There is a way to tackle themes of urban criminality, threatened masculinity and disaffected youth correctly: witness the Hughes Brothers, Melvin van Peebles, Larry Clark, City of God and Mean Streets. For British films produced in the last decade, few have aspired to similar designs: I count only Shifty, Bullet Boy and Attack the Block. Directors of all three have abandoned the genre and moved onto pastures new. Only Shane Meadows (This is England) soldiers on, though in running concentric circles around Thatcher-era Britain, his films feel more like historical artefacts. Noel Clarke, meanwhile, who provoked a second-wave of these films with Kidulthood, services his own ego as much as his apparent commitments to sociological exactitude.    

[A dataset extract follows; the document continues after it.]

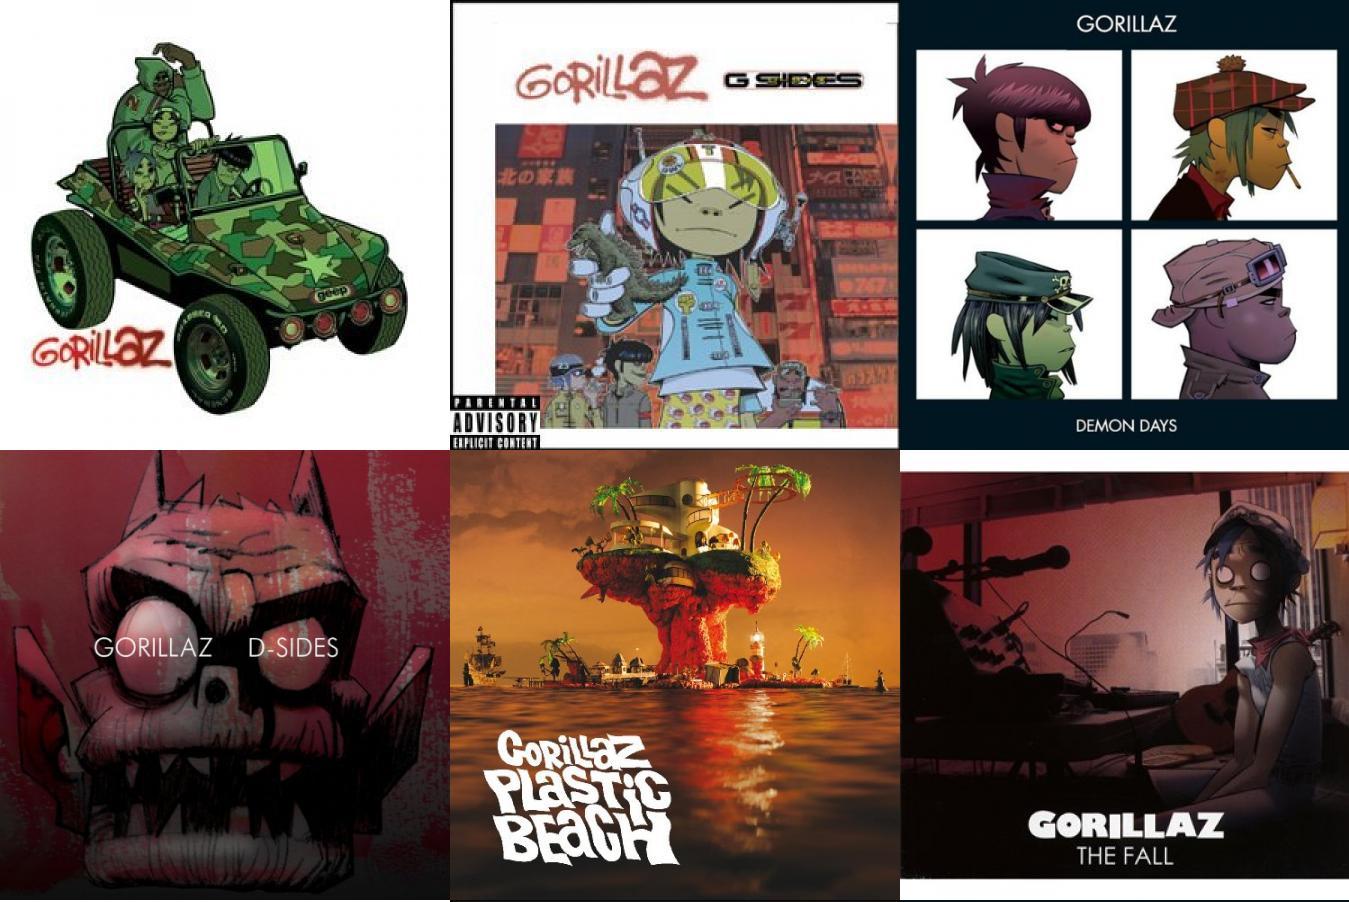 Gorillaz the fall wallpaper - photo#24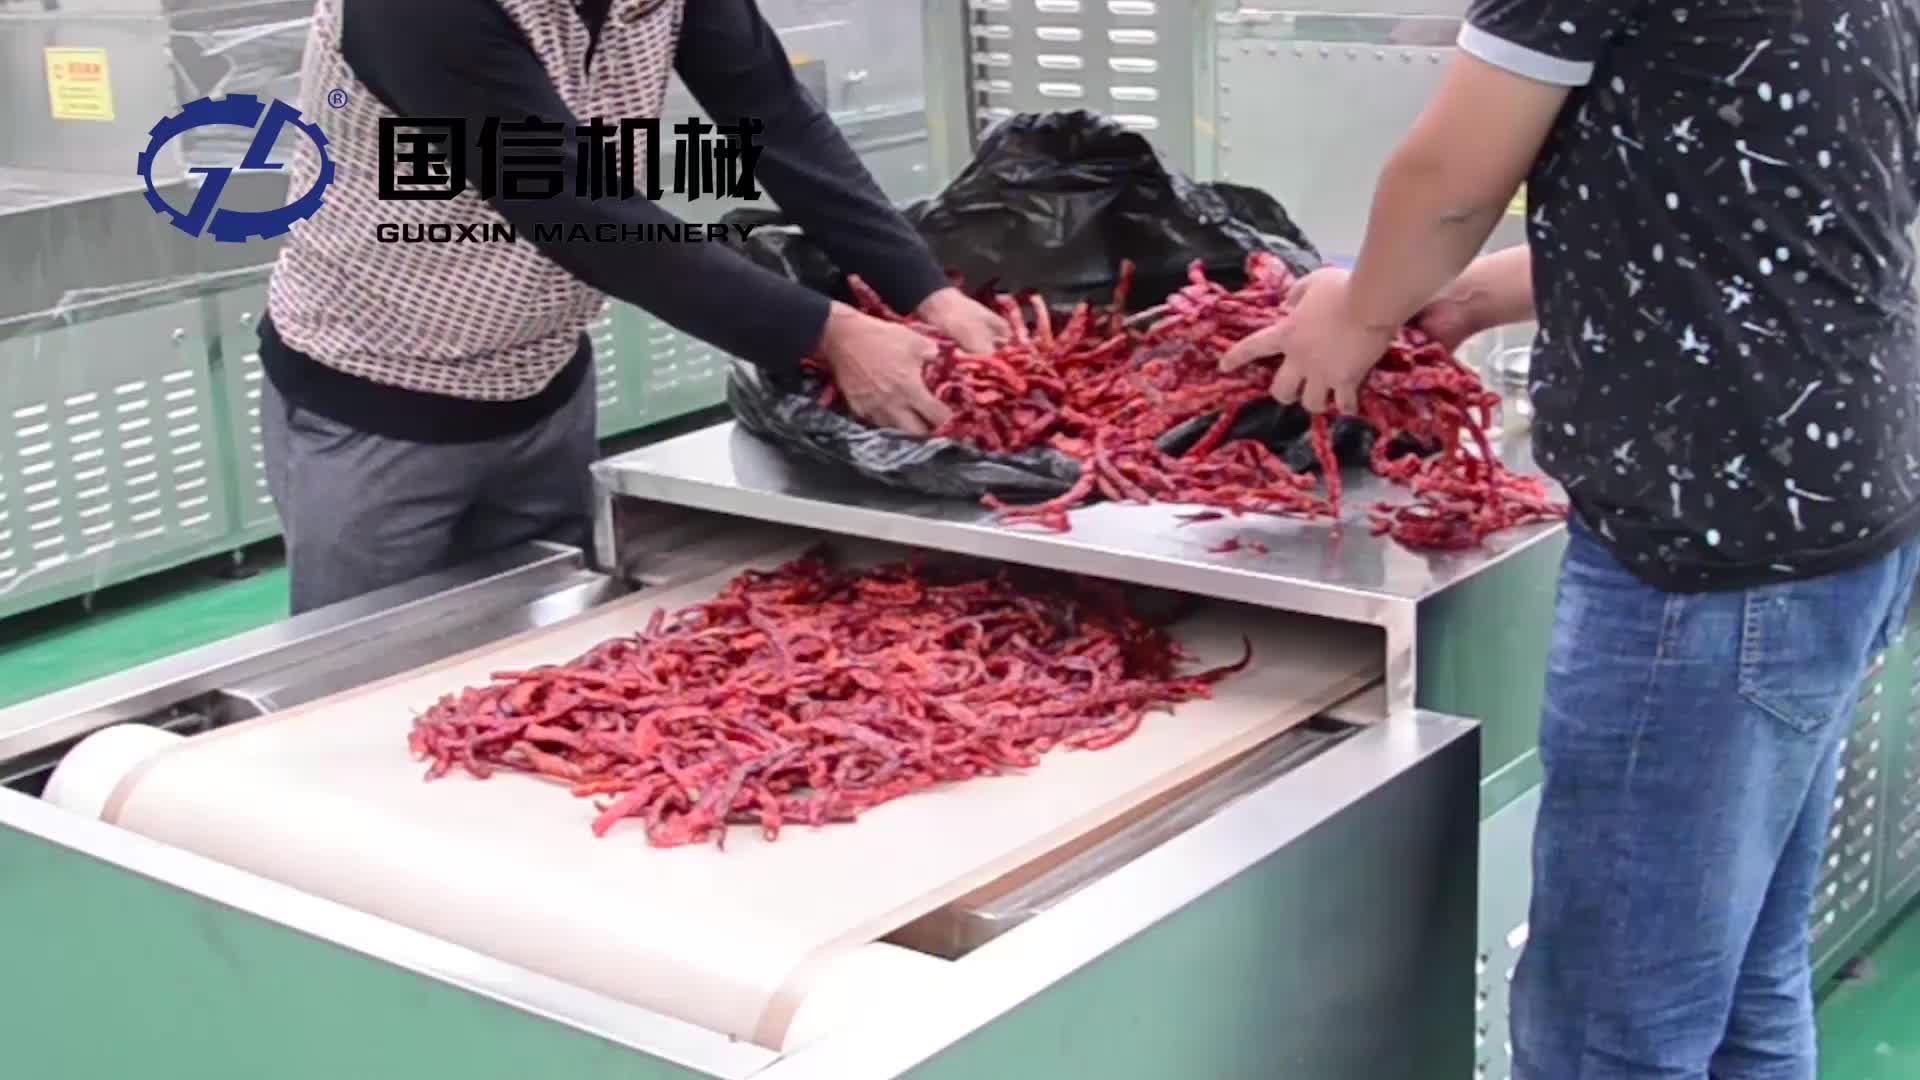 Endüstriyel konveyör bant tipi mikrodalga ot yaprak moringa yaprakları mantar gıda kurutma makinesi

But there’s life in the old dog yet, as the existence of Turnout and Big Fat Gypsy Gangster bear out. One wonders what the commissioning process on these films is exactly. Blackmail? Extortion? If the representations of criminality in the films themselves are anything to go by the writers behind them couldn’t fleece a blind man in a Karrimor factory. The truer answer is probably stupidity – if not in IQ, then in calculated cynicism. Anyone could aimlessly doodle the most ridiculous premise that tumbled into their head, pitch it to the right people, drop some platitudes about social media, and be duly rewarded with a fat bag of money to fritter on some pointless waste of celluloid. For example: 

Pop-star-turned-actor Dane Bowers stars as James “The Big Dog” Coulfax who finds out his mother (Oxo Mum Lynda Bellingham) is actually a crack cocaine dealer named “Babooshka” out to gun him down. Bowers has 24 hours to board “the gravy train” before he’s assassinated by a jive-talking street pusher named Sub-Mentalz (Big Fat Gypsy Gangster star Ricky Grover). One of the most iconic actors of his generation, Danny Dyer, stars as the mellifluous Joshua “Douchebag” Makepeace – a one-eyed war-torn refugee from Cuba enlisted by Bowers to help take down his drug-running matriarch. Unfortunately Dyer begins a volatile sexual relationship with Bellingham as things begin to spiral out of control…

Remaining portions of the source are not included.